Making sense of digital fonts

Chen Hui Jing - Aug 4 '18 - - Dev Community

My interest in language, writing systems and typography has led me to spend hours down a rabbit hole in search of answers to the plethora of “how/why did this come about?” questions that pop into my head at random. I may have an ”easily distracted” issue, but we’re not talking about that today 😈.

As I was polishing up my talk for You Gotta Love Frontend last year, I started digging into digital font formats. At the time, I was trying to come up with an easy-to-explain definition for fonts. And I came across some good ones, which often make the contrast between fonts and typefaces, from this article by Yves Peters.

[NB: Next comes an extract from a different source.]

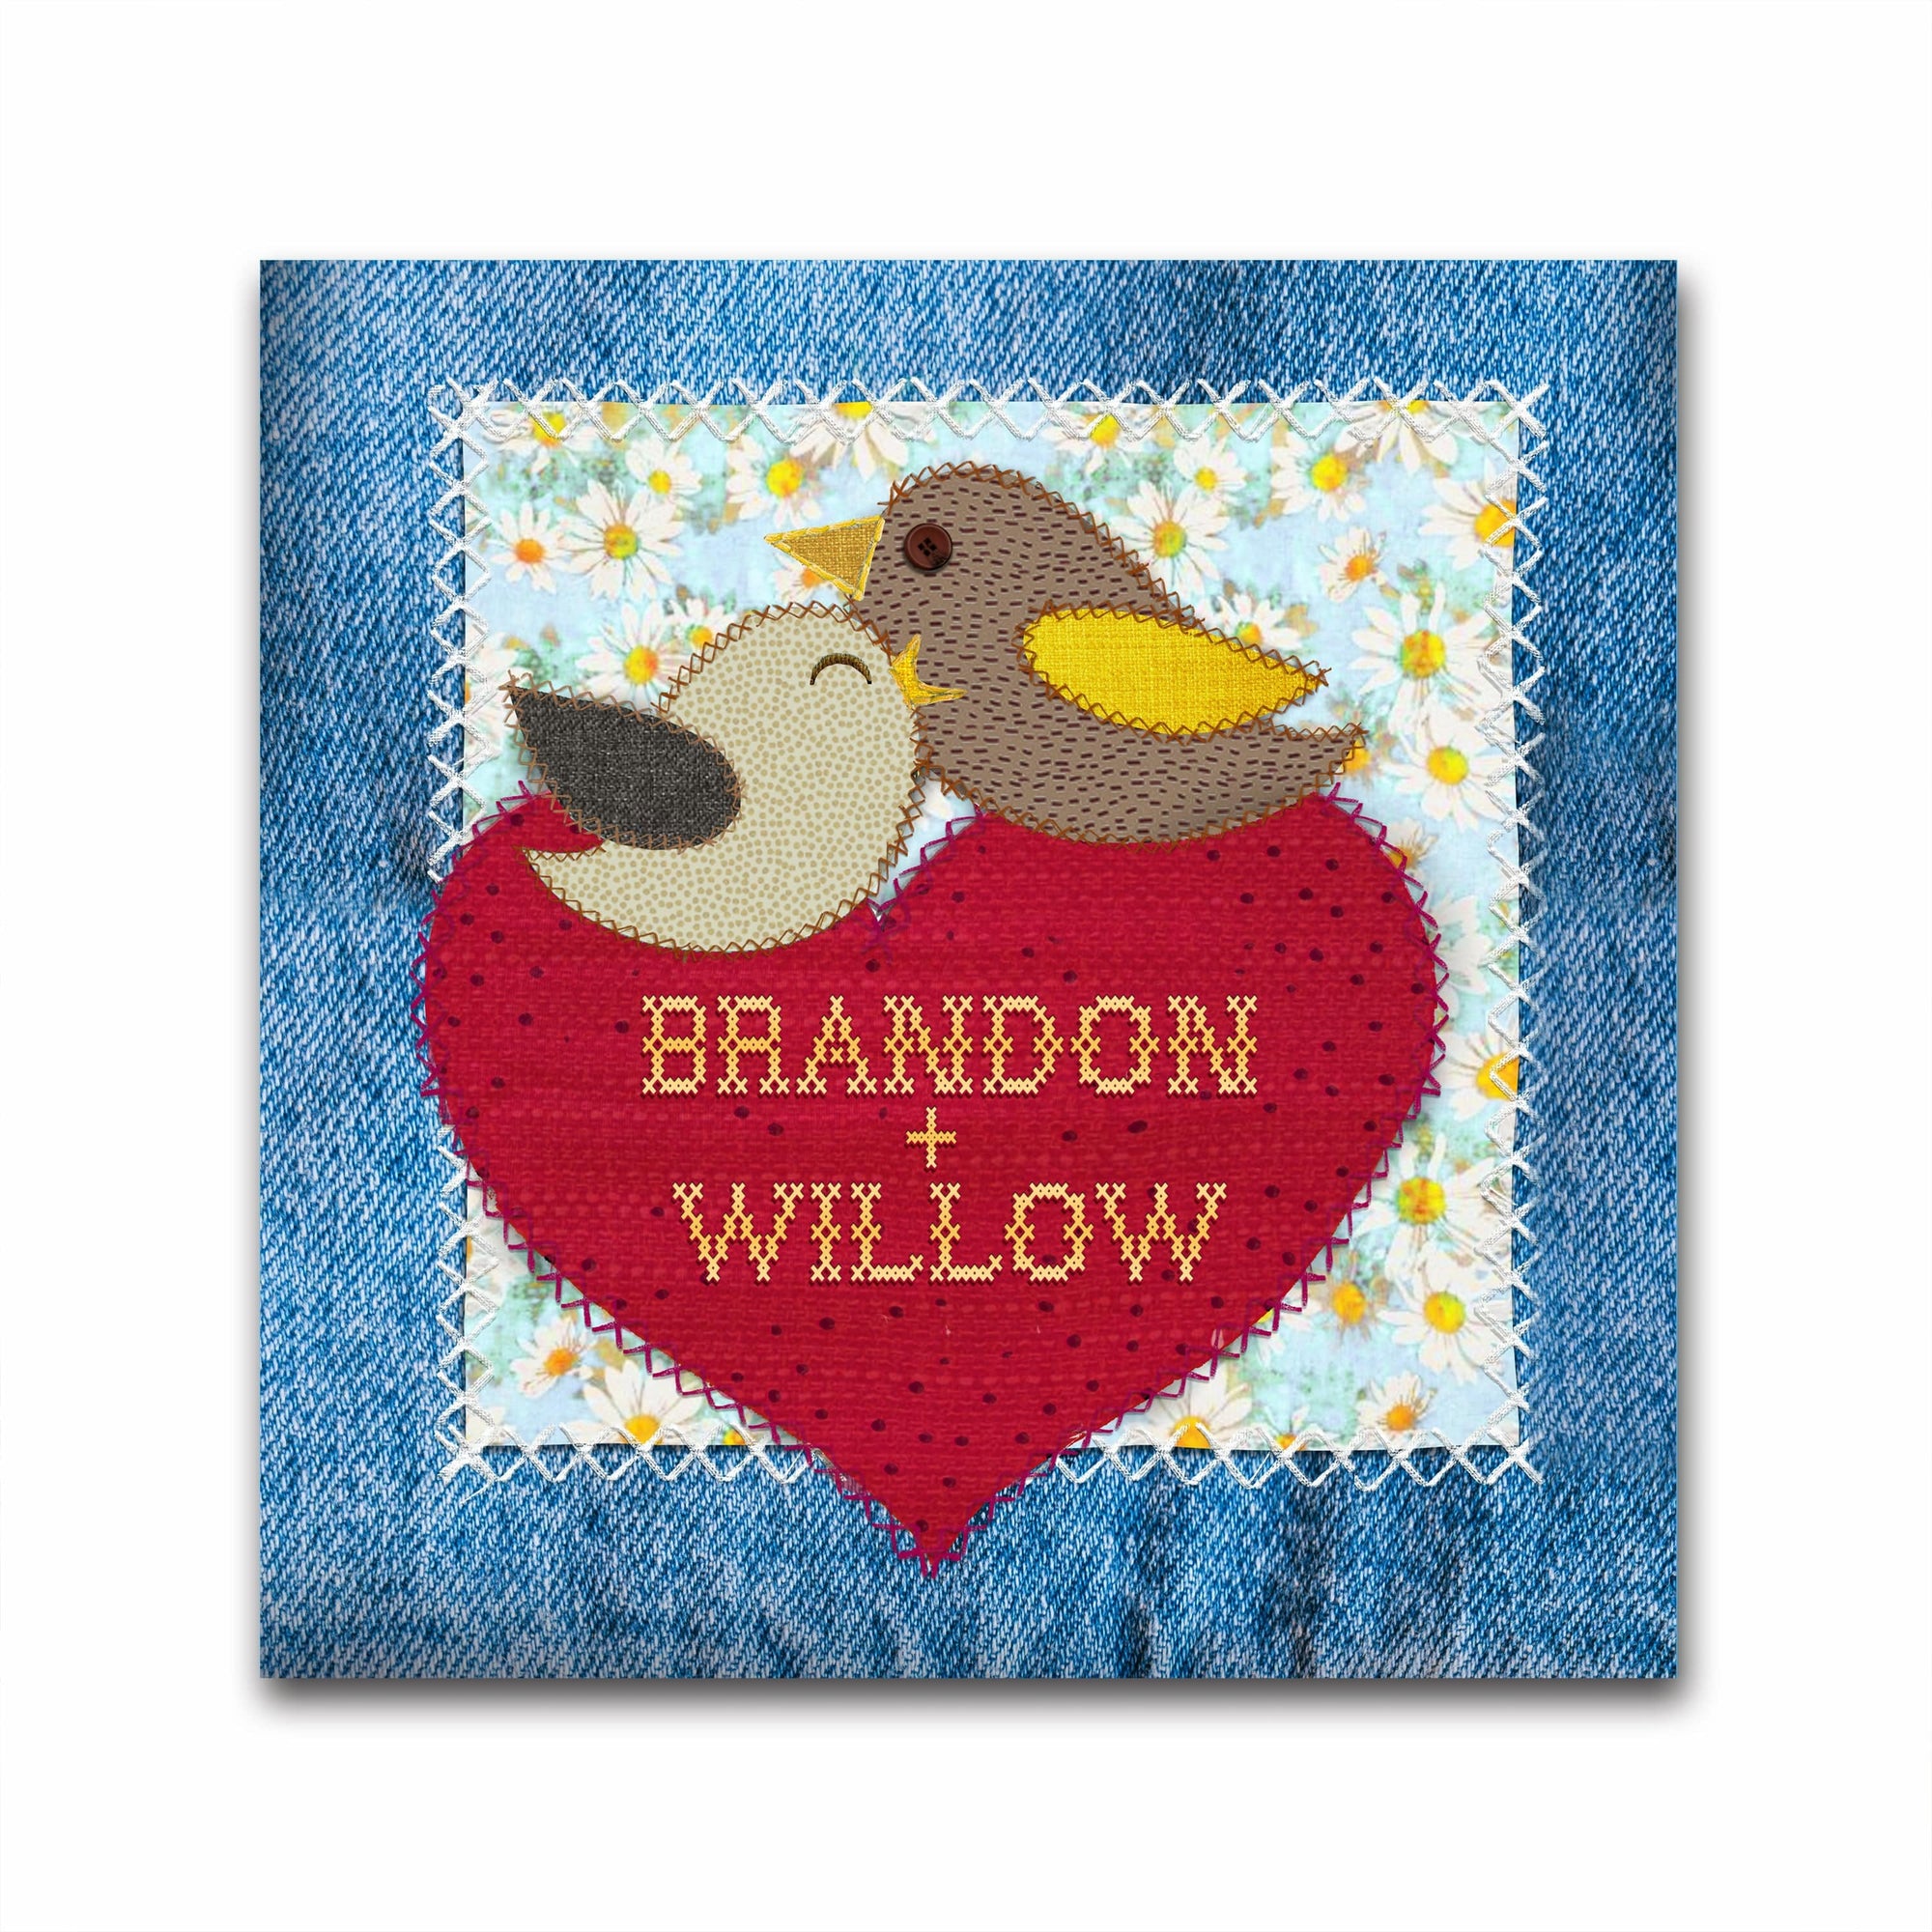 Stitched Together - Romantic cross stitch style art - personalized romantic gifts from Personal Prints

…the physical embodiment of a collection of letters, numbers, symbols, etc. (whether it’s a case of metal pieces or a computer file) is a font.

Mark Simonson

font is what you use, and typeface is what you see.

-Norbert Florendo

But after figuring out what fonts actually were, I wanted to know how digital fonts worked. I did eventually finish my talk, just that I got slightly sidetracked along the way. This is going to be another “brain dump” post. You have been warned.

TLDR : digital font formats are simply another type of data format, which store information about the font based on each format’s respective specifications.

Increasing layers of abstraction

In my mind, digital is transient, it is an encoding and manipulation of electronic signals. And as digital technology continues to progress (at a breakneck speed, might I add), we see less and less of the actual physical manifestations of it.

Look at this glorious Colossus Mark 2 computer being operated by Wrens Dorothy Du Boisson (left) and Elsie Booker (right).
Colossus Mark 2

As someone who is generally curious about how things work under the hood, and why things came to be a certain way, I found books like The Dream Machine, Where Wizards Stay Up Late and When Computers Were Human as well as podcasts like the Internet History Podcast, particularly interesting.

It wasn’t that long ago when computers surrounded human beings (like the Colossus or the ENIAC) and the rate of computation, though fast, was still somewhat visible to the human eye.

In a couple of decades, processor sizes have shrunk exponentially, while their speeds have increased exponentially. It’s gotten to a point whereby if you showed someone from the 19th century your smart phone, they might think it’s magic (or call you a witch, I don’t know, times were different).

And I don’t think I’m wrong to say that about most of us these days either. Maybe we don’t think it’s magic per se, but most people don’t know how their computers even work (and probably don’t care as long as it does).

Analogue fonts

Before digital, when we talked about fonts, we were usually referring to metal typesetting, where fonts were the complete set of metal types that were used to typeset entire pages of text. Those were in use for hundreds of years until today, for use in letterpress printing.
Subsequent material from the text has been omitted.